Ryan R F, Hancock J P, McDonald J J, Hornsby P J
Department of Cell and Molecular Biology, Medical College of Georgia, Augusta 30912.
Exp Cell Res. 1989 Jan;180(1):36-48. doi: 10.1016/0014-4827(89)90210-3.
When grown for long periods in culture, bovine adrenocortical cells lose the expression of a differentiated function gene, steroid 17 alpha-hydroxylase. Previously, we documented a decline in 17 alpha-hydroxylase mRNA with increasing culture passage level after induction with cyclic AMP (P. J. Hornsby et al., 1987, Proc. Natl. Acad. Sci. USA 84, 1580). We used in situ hybridization to investigate the loss of expression of this gene during cellular senescence at an individual cell level. In primary cultures, cells were uniformly positive for hybridization with cDNA for 17 alpha-hydroxylase after cyclic AMP induction. After two passages, cultures comprised a mixture of hybridizing and nonhybridizing cells. Cells appeared either to hybridize at a level comparable to that in primary cultures or to be nonhybridizing. When in situ hybridization was combined with immunofluorescence, cells positive for immunofluorescence were also positive for hybridization. Senescing mass cultures showed decreasing numbers of positive cells, and after 30 passages cultures comprised entirely nonhybridizing cells. Thus, the previously observed decline in overall 17 alpha-hydroxylase mRNA levels results from a decline in the fraction of expressing cells in the culture, and the rate of loss of expressing cells is in agreement with the rate of loss of total 17 alpha-hydroxylase mRNA. Primary clones, even when isolated at an early stage of clonal expansion, had mixtures of subclones of hybridizing and nonhybridizing cells. On recloning, hybridizing subclones usually produced uniformly nonhybridizing sub-subclones. Some subclones within primary clones had a morphology associated with replicative senescence (flattened cells with sparse intercellular contacts), yet had high numbers of hybridizing cells. We conclude that, in both mass and clonal populations, cells initially expressing 17 alpha-hydroxylase rapidly give rise to clones of nonexpressing cells. Such cells are continually derived by a stochastic process from cells originally expressing the gene.

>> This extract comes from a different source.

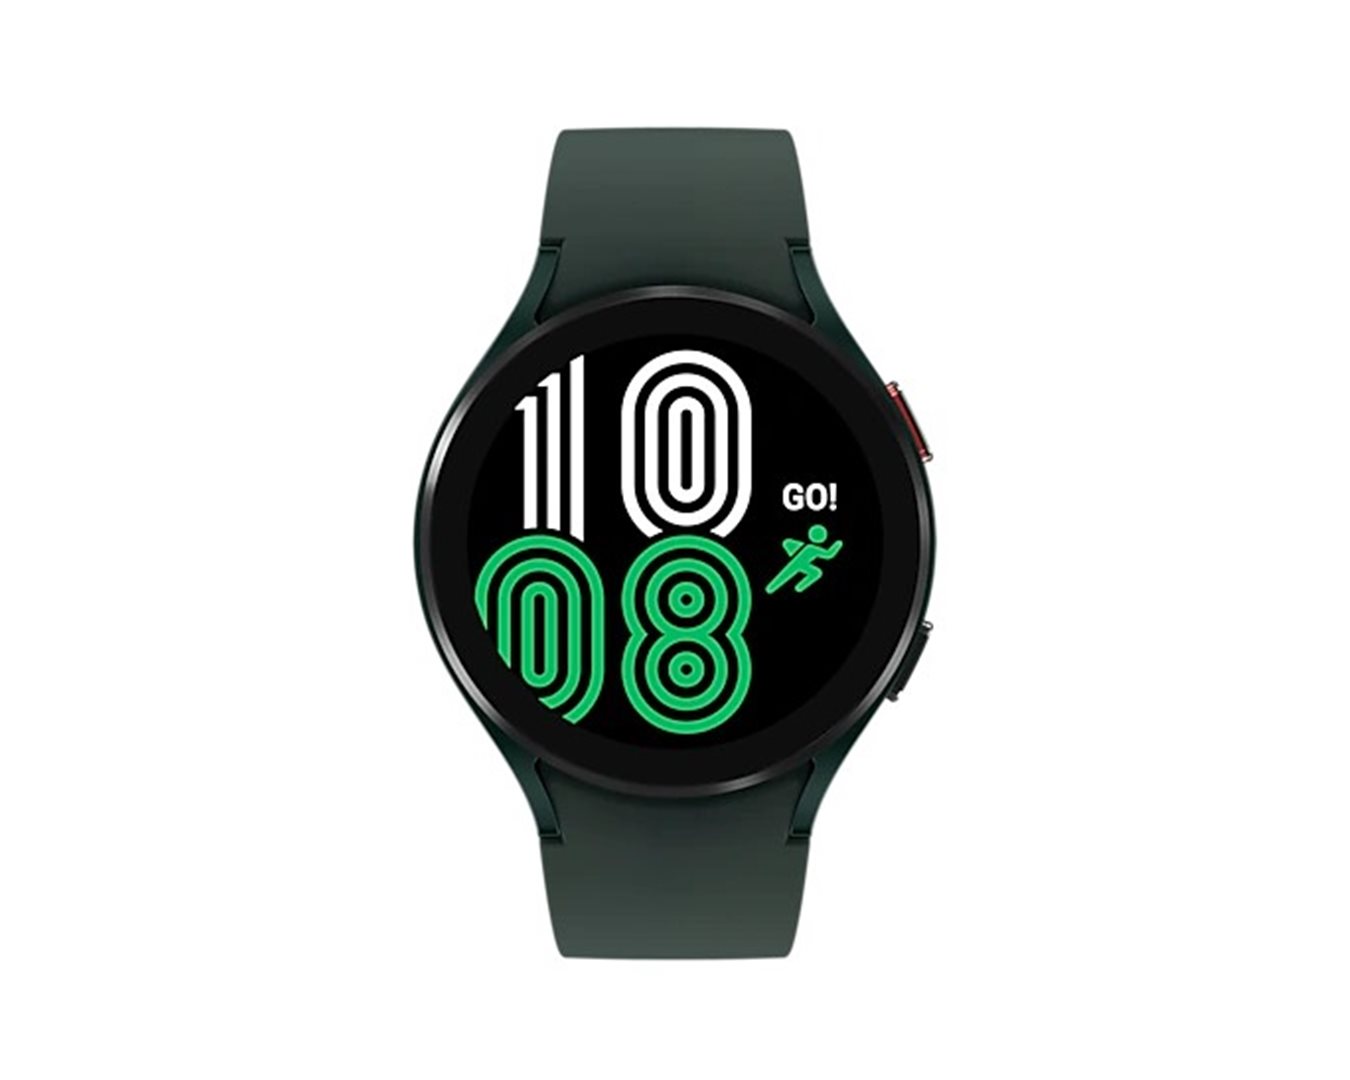 Samsung Galaxy Watch4 LTE 44mm zelená

在培养物中长时间生长时,牛肾上腺皮质细胞会失去一种分化功能基因——类固醇17α-羟化酶的表达。此前,我们记录了用环磷酸腺苷诱导后,随着培养传代水平的增加,17α-羟化酶mRNA水平下降(P. J. 霍恩斯比等人,1987年,《美国国家科学院院刊》84卷,第1580页)。我们使用原位杂交技术在单个细胞水平上研究细胞衰老过程中该基因表达的丧失情况。在原代培养中,用环磷酸腺苷诱导后,细胞与17α-羟化酶的cDNA杂交均呈阳性。传代两次后,培养物中包含杂交细胞和非杂交细胞的混合物。细胞要么以与原代培养相当的水平杂交,要么不杂交。当原位杂交与免疫荧光结合时,免疫荧光阳性的细胞杂交也呈阳性。衰老的大规模培养物中阳性细胞数量减少,传代30次后,培养物完全由非杂交细胞组成。因此,之前观察到的总体17α-羟化酶mRNA水平下降是由于培养物中表达细胞比例的下降,且表达细胞的丧失速率与总17α-羟化酶mRNA的丧失速率一致。原代克隆,即使在克隆扩增的早期阶段分离,也有杂交和非杂交细胞亚克隆的混合物。再次克隆时,杂交亚克隆通常产生均匀的非杂交亚亚克隆。原代克隆中的一些亚克隆具有与复制性衰老相关的形态(细胞扁平,细胞间接触稀疏),但杂交细胞数量较多。我们得出结论,在大规模和克隆群体中,最初表达17α-羟化酶的细胞会迅速产生不表达细胞的克隆。此类细胞不断地通过随机过程从最初表达该基因的细胞中产生。